To calculate the critical velocity speed, first take the exact times of your four runs that you were able to keep at a constant pace. These times are your so-called Time Limit (TL). Furthermore, you take the distances you have run in the time of the respective run, the Distance Limits (TL). If you plot these data in a Distance-Time-Diagram you get four data points which you connect to a graph. The slope of this graph gives you your critical velocity speed.
Running Cadence - Measuring Your Steps per Minute (spm)
Besides critical velocity speed and running economy, running cadence is another way to analyze your running. The running cadence is often described as the number of steps a runner takes per minute (spm). This is simply measured by counting the number of steps within 60 seconds at a constant running speed. However, it is important to note that it does not make sense to increase the running cadence just to improve the running speed, it does not work that way. The running cadence is rather passively influenced by run training and increases the running efficiency if it fits optimally to the runner. It is thought that a running cadence of 85-90 SPM (single leg) is optimal for long distance running.
Different Foot Types Require Different Shoes
People’s feet, whether athletes or non-athletes, often vary greatly in shape and mobility. This is usually congenital or can result from the choice of shoes or the way they walk when they are young. Below are the three most common foot types and the different types of shoes that match them.
Foot Type 1: Normal (Medium) Arch
The medium arch is the most common foot type in both athletes and non-athletes, which is why it is also called the normal arch (about 60% of people). The advantage of this foot shape is that when running, the load is distributed evenly over the entire foot, reducing the risk of injury and the stress on the legs and hips. This type of foot can wear any type of shoe well.
Foot Type 2: The Flat Foot
The flat foot is the second most common foot type (about 20%), but it does not distribute the load evenly over the foot like the normal arch, but tends to overpronate, which means that the foot rolls slightly inward. This incorrect loading has the consequence that the risk of injury increases and the knees and hips are heavily loaded when walking. Stability or motion control shoes can help here, as they support the foot in rolling correctly.

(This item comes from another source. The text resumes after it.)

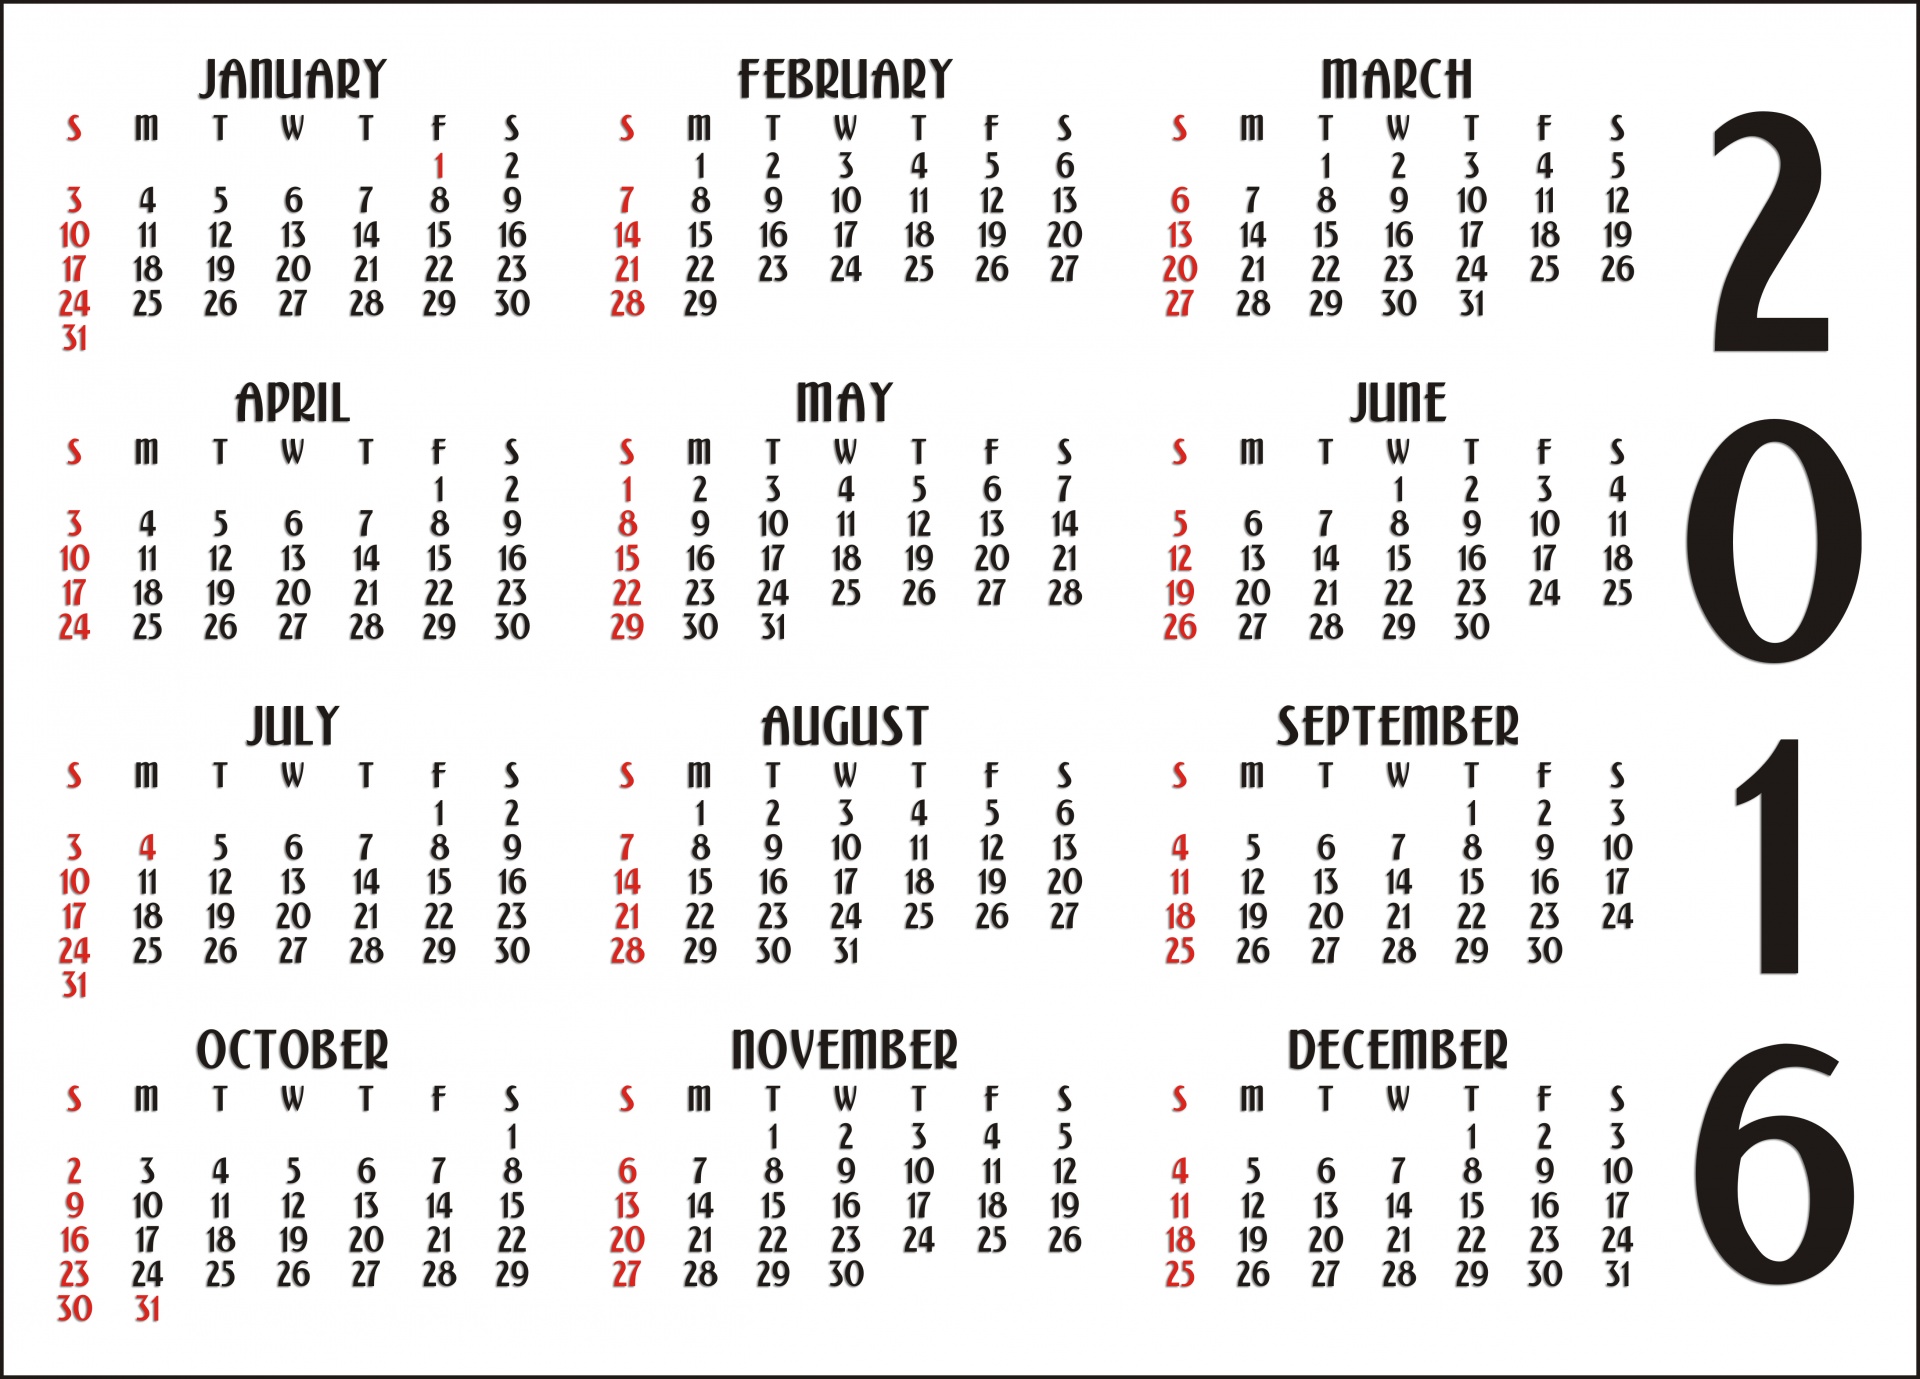 Calendar,2016 calendar,months,days,years free image from

Foot Type 3: The High-Arched Foot
The high arched foot is the rarest foot type and tends to underpronate, which means that the foot does not absorb the shock sufficiently when stepping. The foot usually rolls outwards, which leads to an increased risk of injury, especially to the ligaments and the ankle. This can be remedied by well cushioned shoes with strong arch support and a soft midsole to absorb stress.
Shoe Type A: Trainers
Good for beginners, because the shoes are usually cheap, comfortable and reliable. A good allrounder.
Shoe Type B: Flats
Very light shoe with little support, which is very good for fast running. Less suitable for beginners.

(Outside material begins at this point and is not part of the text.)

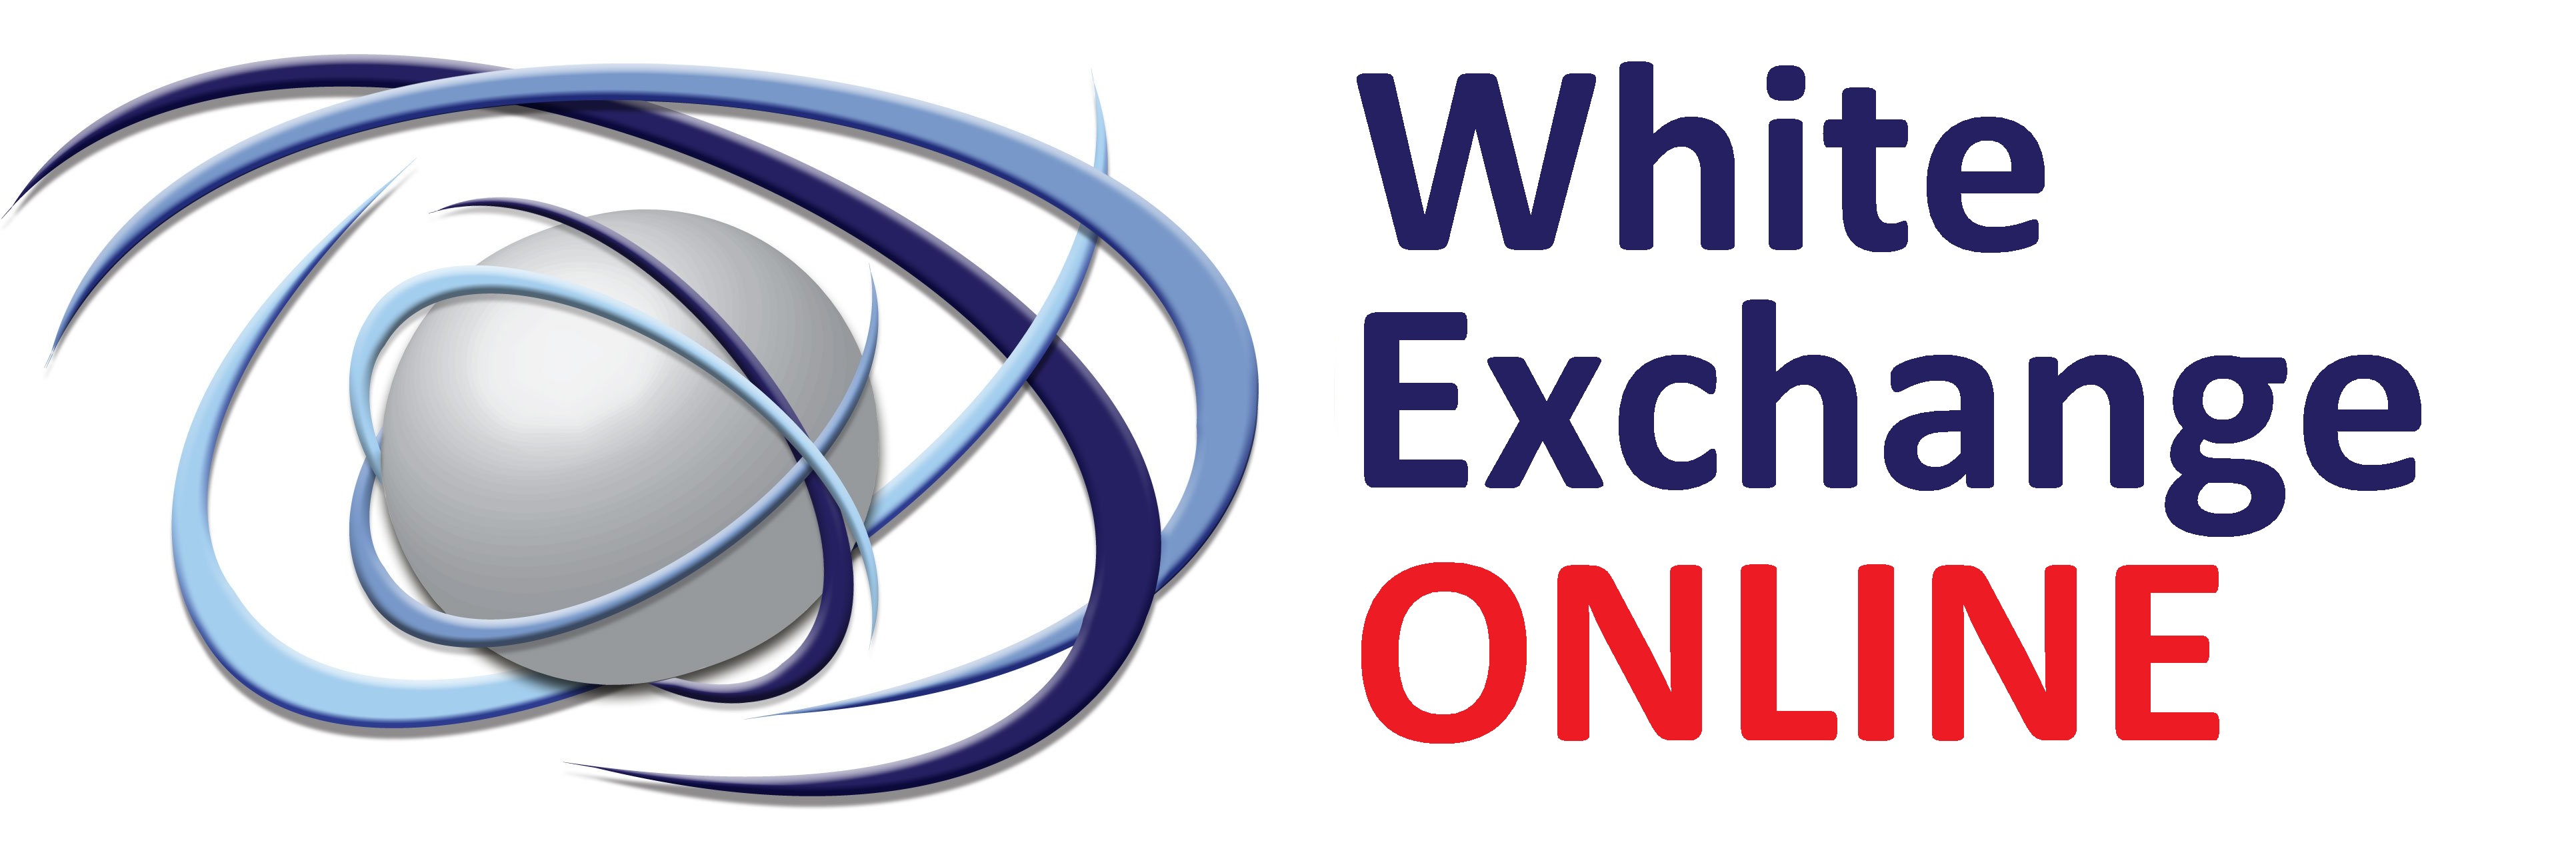 White Exchange Online

Shoe Type C: Carbon-plated flats
Very similar to normal flats only with carbon content, making them even lighter. Suitable for experienced athletes with larger budget.
Shoe Type D: Long-run shoes
Very well cushioned running shoes that are well suited for long distances (half or full distance triathlon).
Shoe Type E: Stability shoes
Suitable for people who overpronate (flat foot) because this shoe prevents the roll-in of the feet.